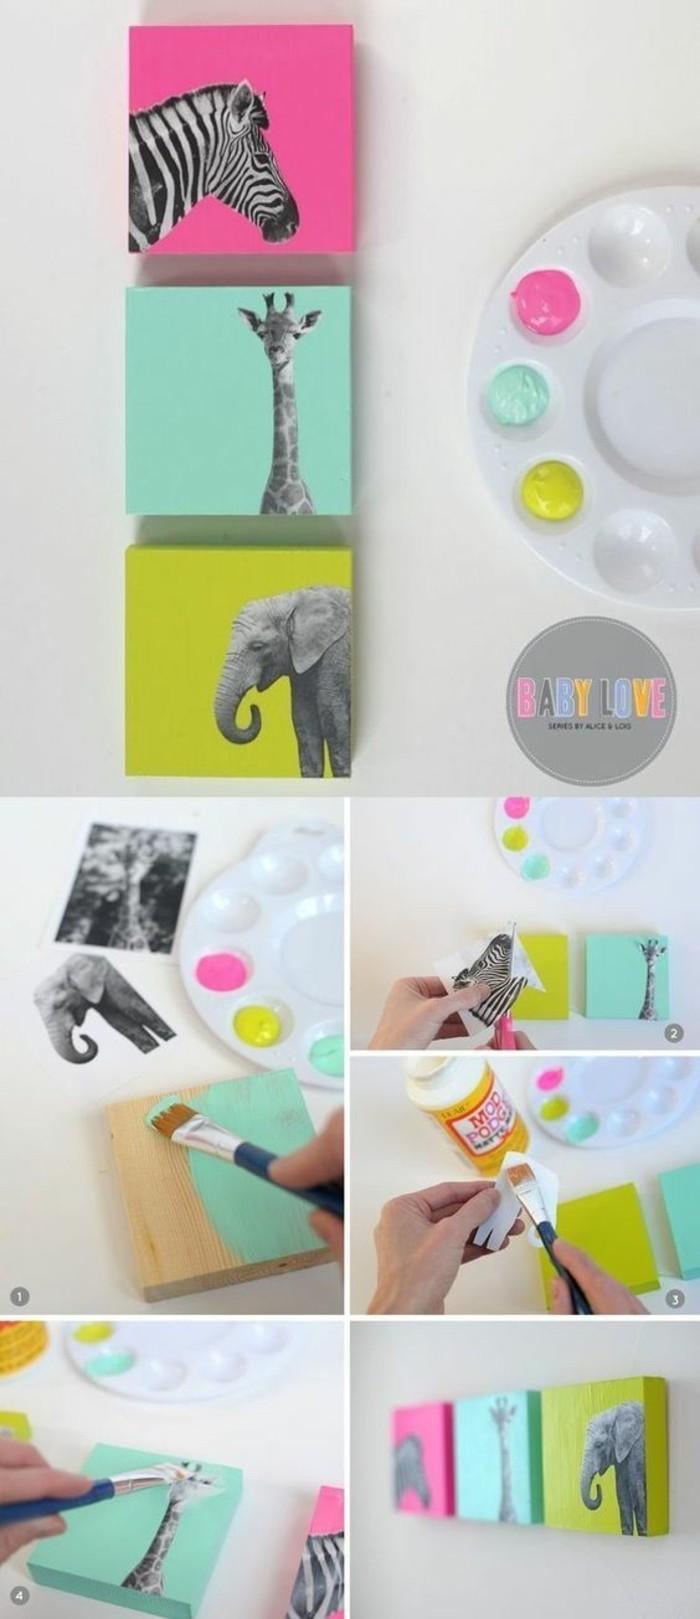 step by step, diy tutorial, painted wooden blocks, glued animal photos, girl room decor ideas
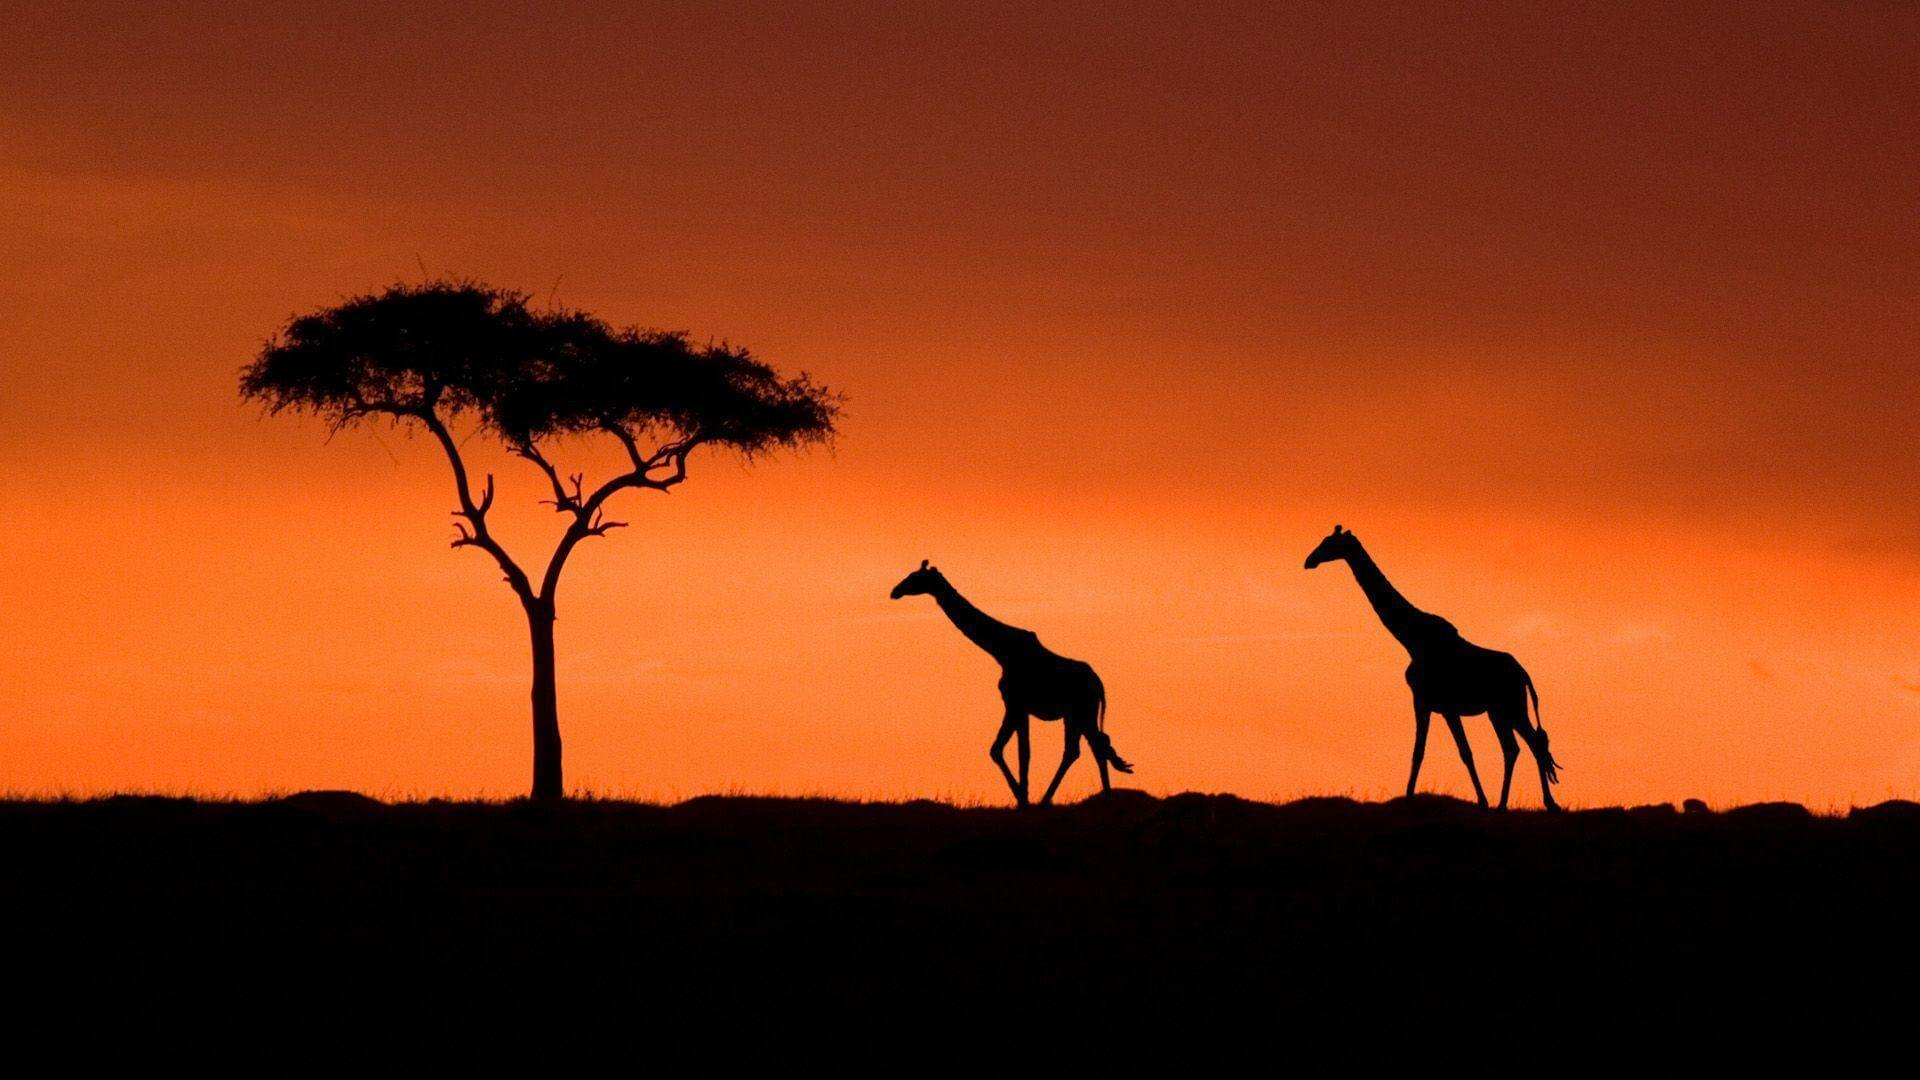 Honeymoon In KENYA Holiday Travel & Tour Package
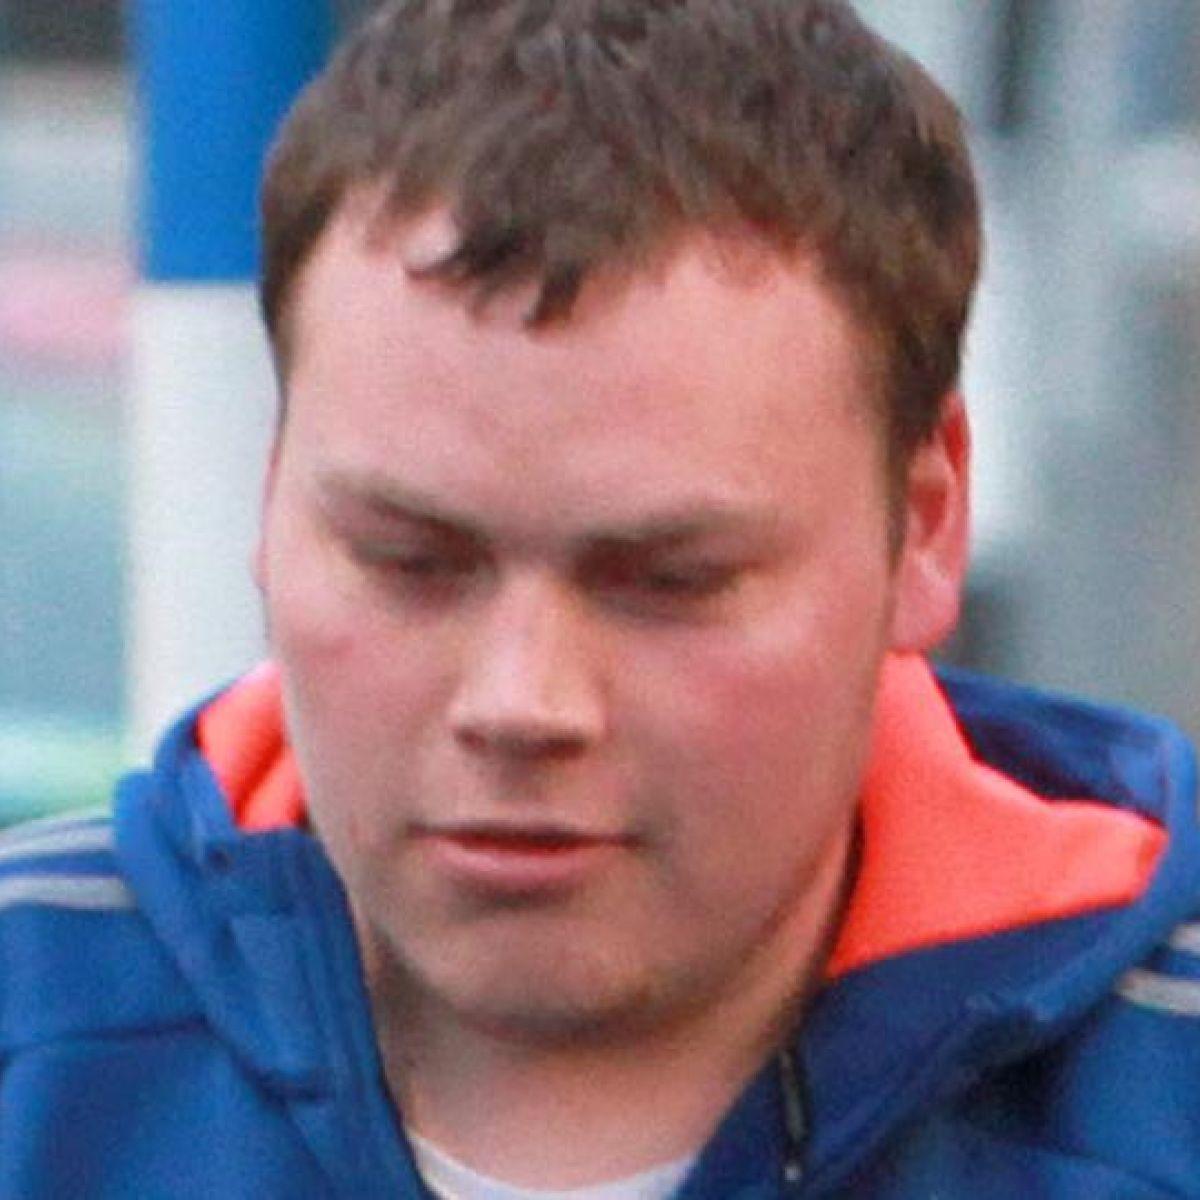 County Kildare Single Men Dating Site, Date Single Guys in
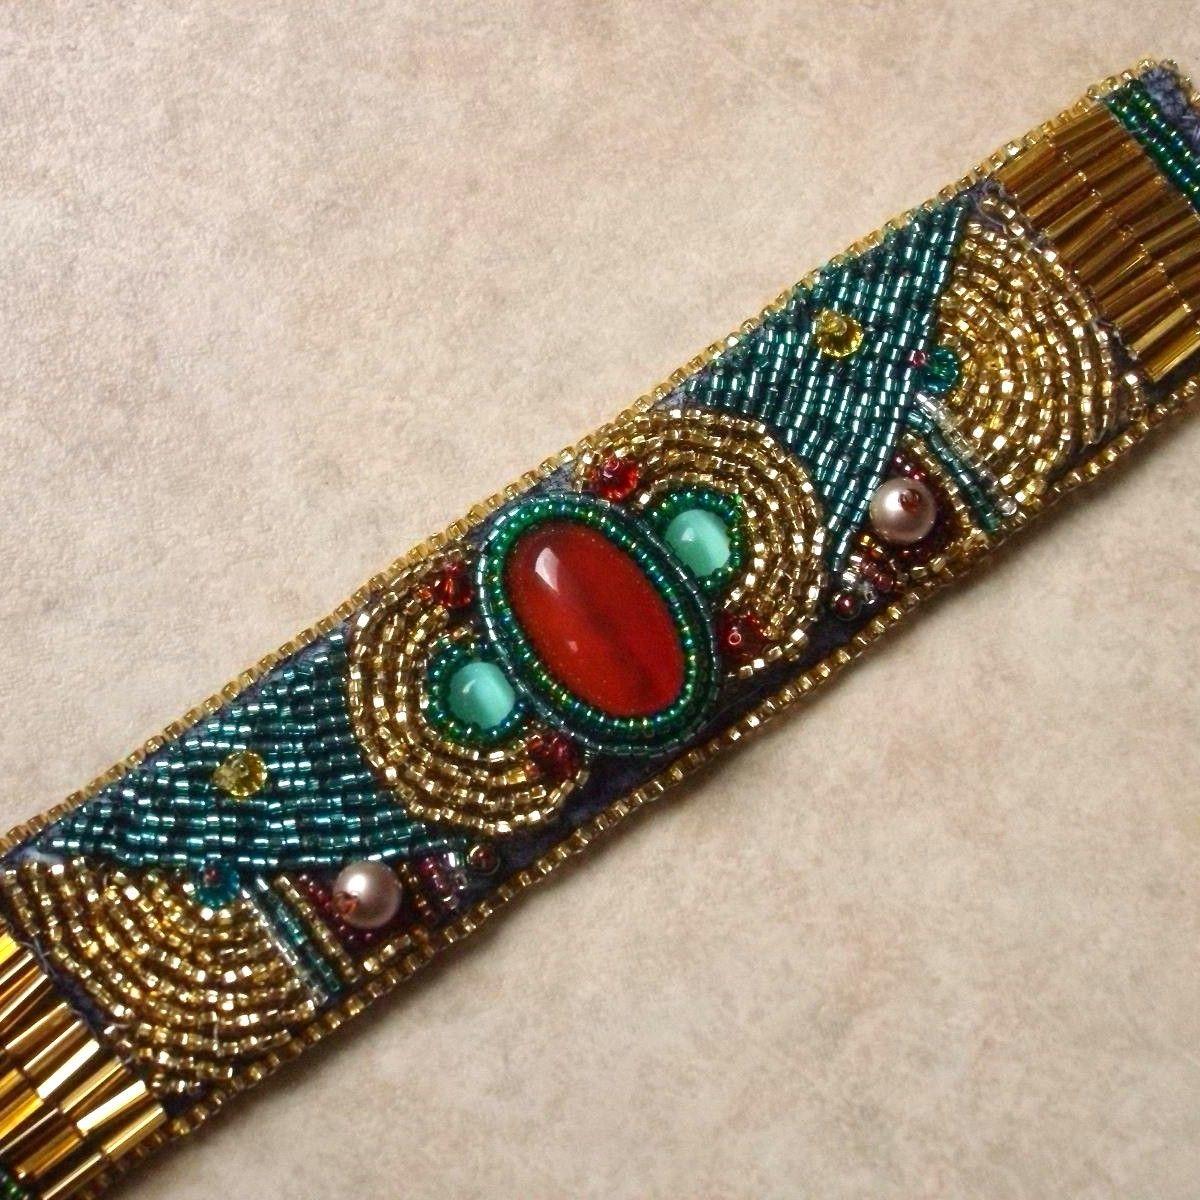 Embroidered Cuffs Abaya

######

Goal of the exercise: Omit the pictures and return exactly the lines from the line containing "Honeymoon In KENYA" through the final line of the material above, both ends included.

Solved problem:
 Honeymoon In KENYA Holiday Travel & Tour Package
 County Kildare Single Men Dating Site, Date Single Guys in
 Embroidered Cuffs Abaya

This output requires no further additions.